More Equitable, Sustainable and Secure Development
The Chinese economy is resilient with great potential and its size allows it to weather fluctuations.
China’s development has been accelerating since 2012 and in the process is becoming more equitable, sustainable and secure. According to Zhao Chenxin, Vice Minister of the National Development and Reform Commission (NDRC), the nation’s economic, scientific and technological strength has increased, as has its global influence.
At a press conference on June 28, Zhao attributed the progress over the last decade to the push for high-quality development. In 2021, China’s GDP increased to 114.4 trillion yuan ($17.05 trillion), 18 percent of the world’s total, from 53.9 trillion yuan ($8.03 trillion), 11.3 percent, in 2012. Per-capita GDP rose to more than $12,000 from $6,300 during this period.
A more open economy
Since 2012, China’s market economy has made new progress as reforms have been made to stimulate the vitality of market players, improve the market system and macroeconomic governance, and establish a new system for high-level open economy, Su Wei, Deputy Secretary General of the NDRC, told the press conference.
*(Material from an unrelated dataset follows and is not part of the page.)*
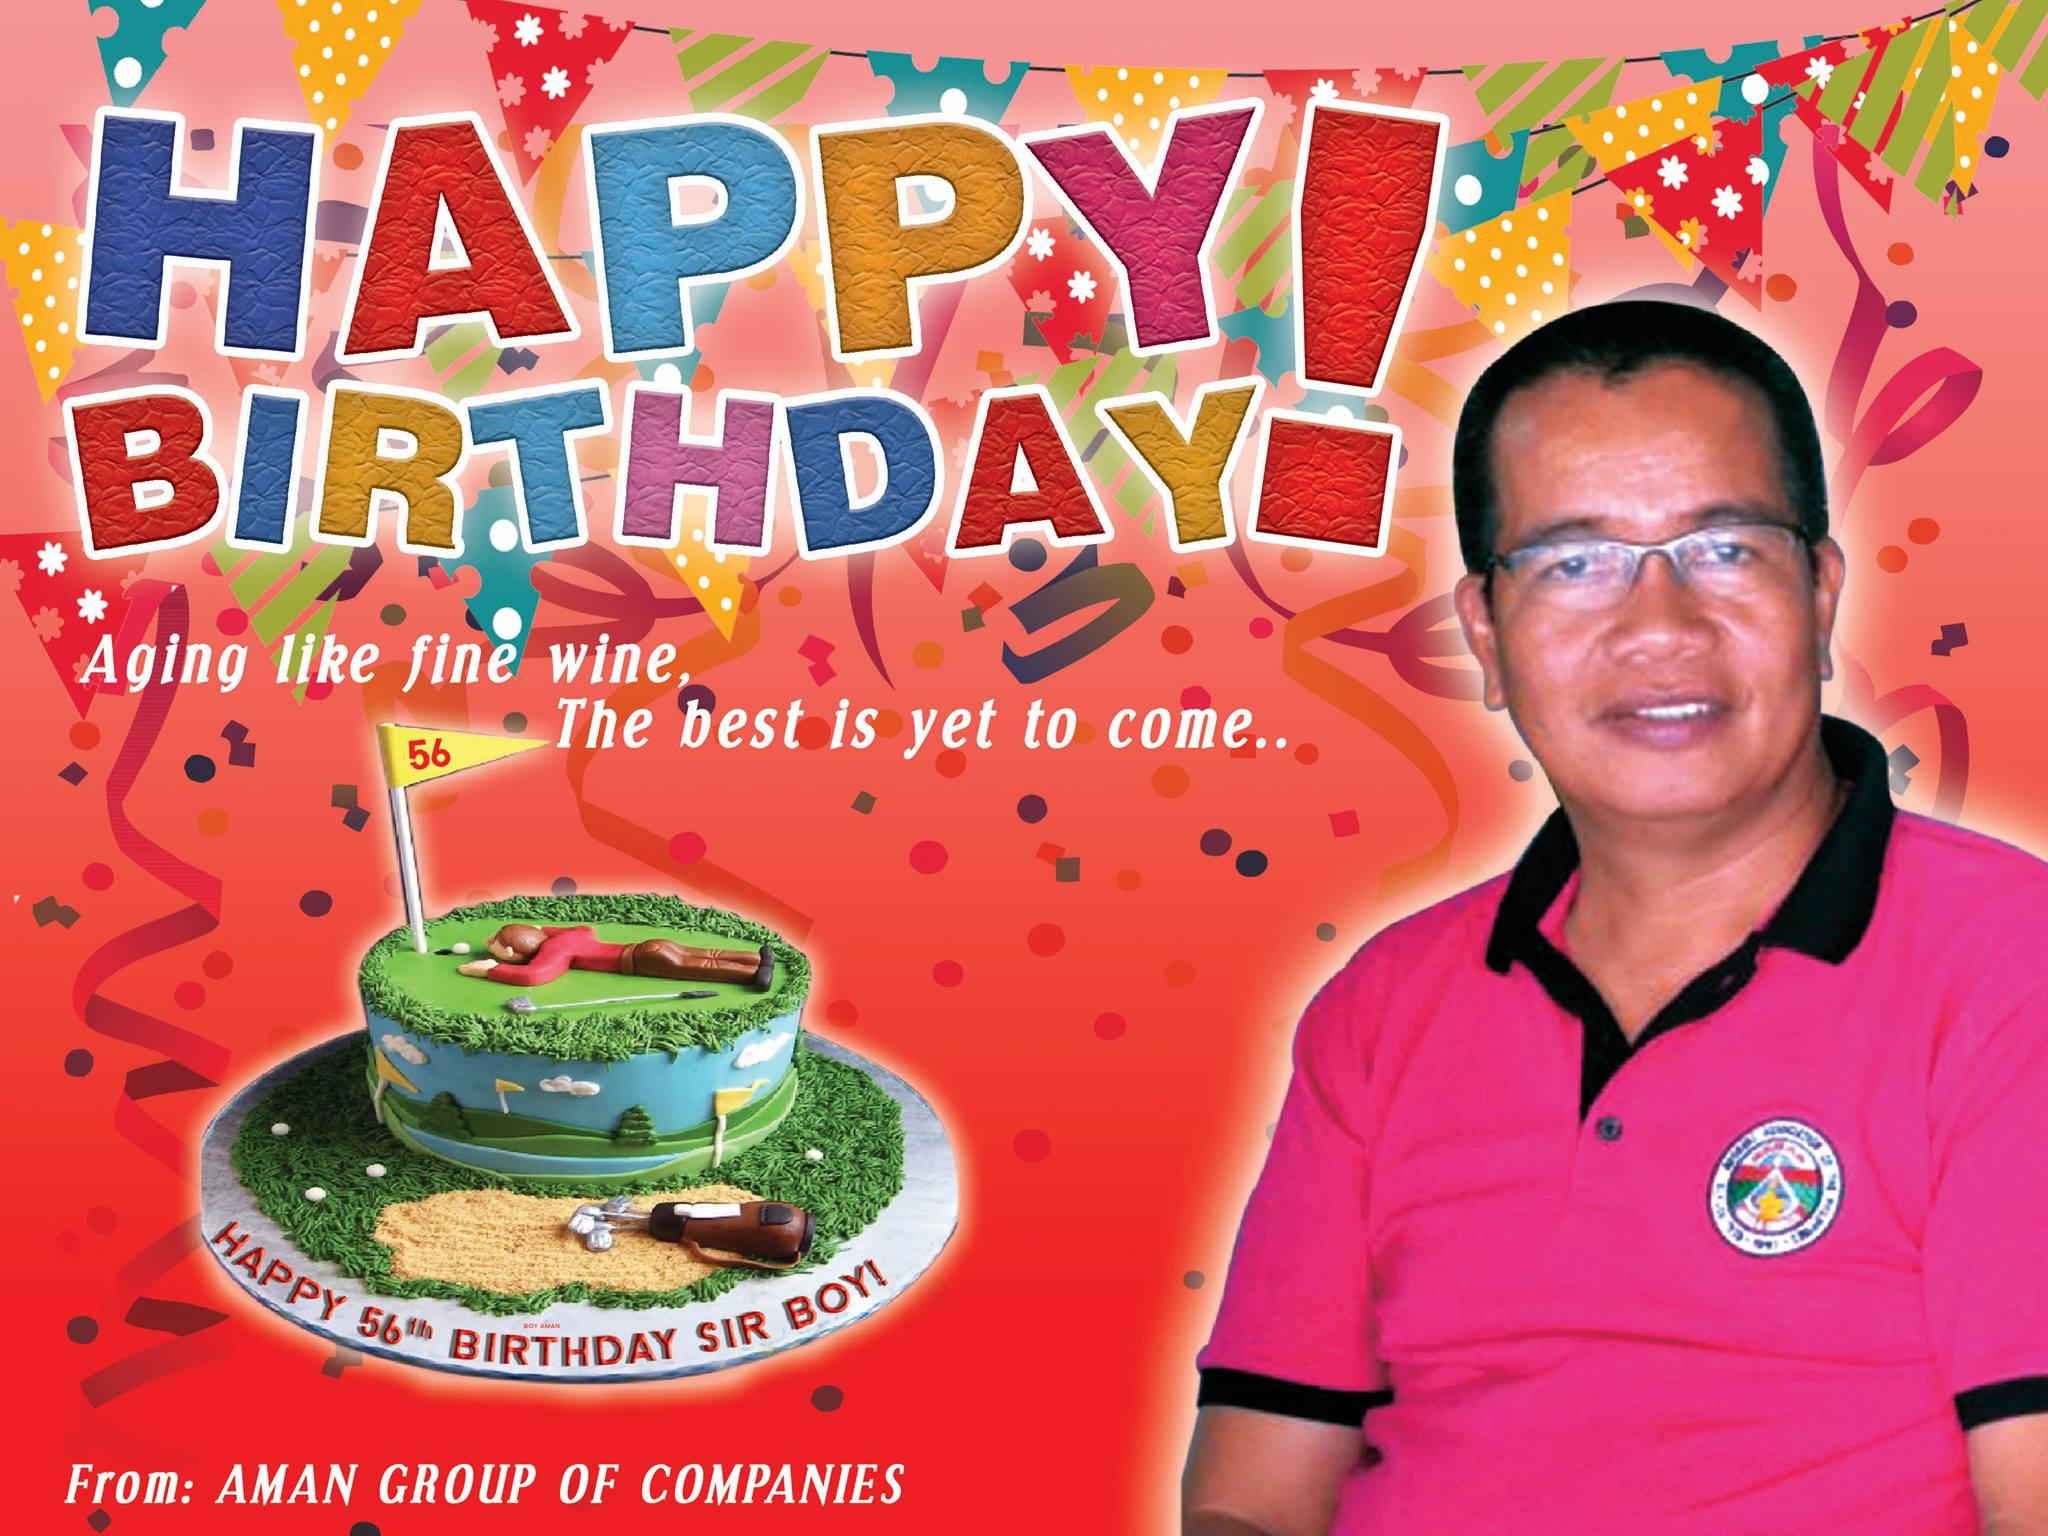 Happy birthday Engineer Boy Aman

According to Su, over the past decade, the top-down design for the reform of state-owned assets and enterprises was completed, the structure of the state-owned economy was optimized, and the environment for the development of non-public economy continued to improve. The number of private enterprises rose from 10.85 million in 2012 to 44.57 million in 2021; a domestic market of 1.4 billion people, including a middle-income group of roughly 400 million, has been formed; China’s ranking in the World Bank’s Doing Business report rose from 96th place in 2013 to 31st in 2020.
China has been committed to becoming more economically open. It has received more foreign investment than any other developing country, with a paid-in capital of 1.15 trillion yuan ($171.39 billion) in 2021, ranking second in the world and surging by 62.9 percent from 2012.
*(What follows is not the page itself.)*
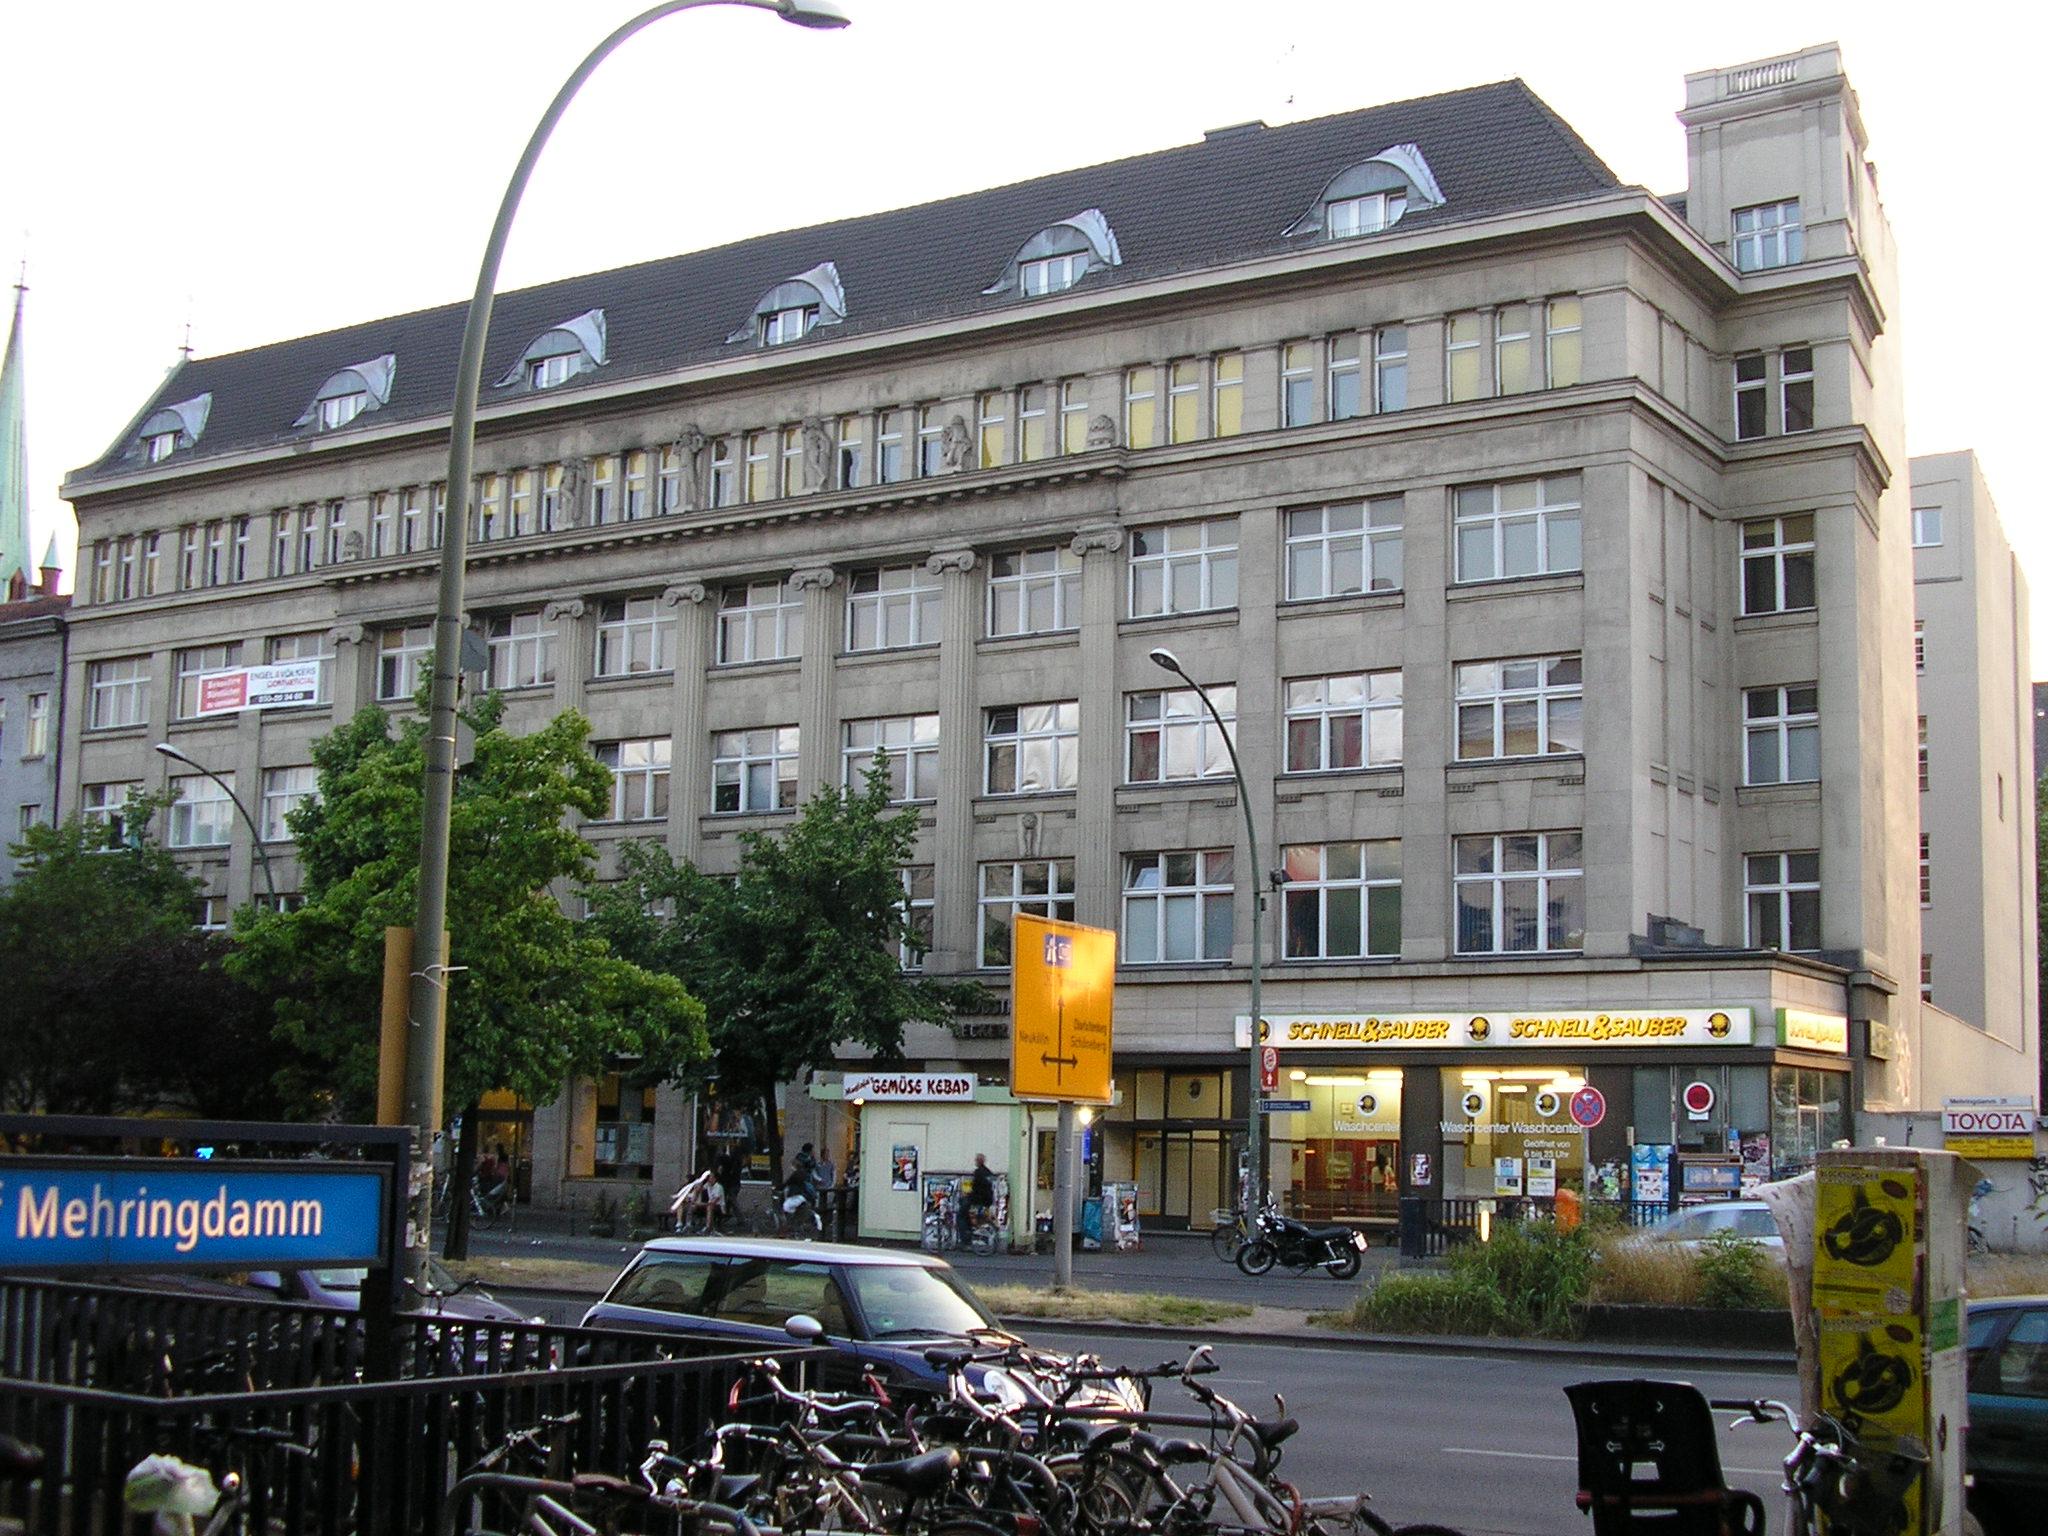 File Berlin Kreuzberg Mehringdamm 32 34 Jpg Wikimedia

The country has established a system to promote, protect and manage foreign investment, and provided more comprehensive and stronger legal safeguards for investors. The Foreign Investment Law came into effect in 2020. It bans using administrative licensing and penalties to force foreign investors and firms to transfer technology. Foreign companies are entitled to equal participation as their Chinese peers in the formulation and revision of national, industrial and local standards in accordance with the law.
For five years in a row, from 2017 to 2021, China reduced off-limit items in its negative lists for foreign investment and introduced a series of major opening-up policies in sectors such as manufacturing, mining, agriculture and finance, in order to attract more foreign businesses to China.
China proposed the Belt and Road Initiative in 2013, aiming to revive ancient land and sea trade routes to connect China and other participating countries via mutually beneficial trade exchanges, joint investment and infrastructure projects for multilateral development. It consists of the Silk Road Economic Belt and the 21st-Century Maritime Silk Road.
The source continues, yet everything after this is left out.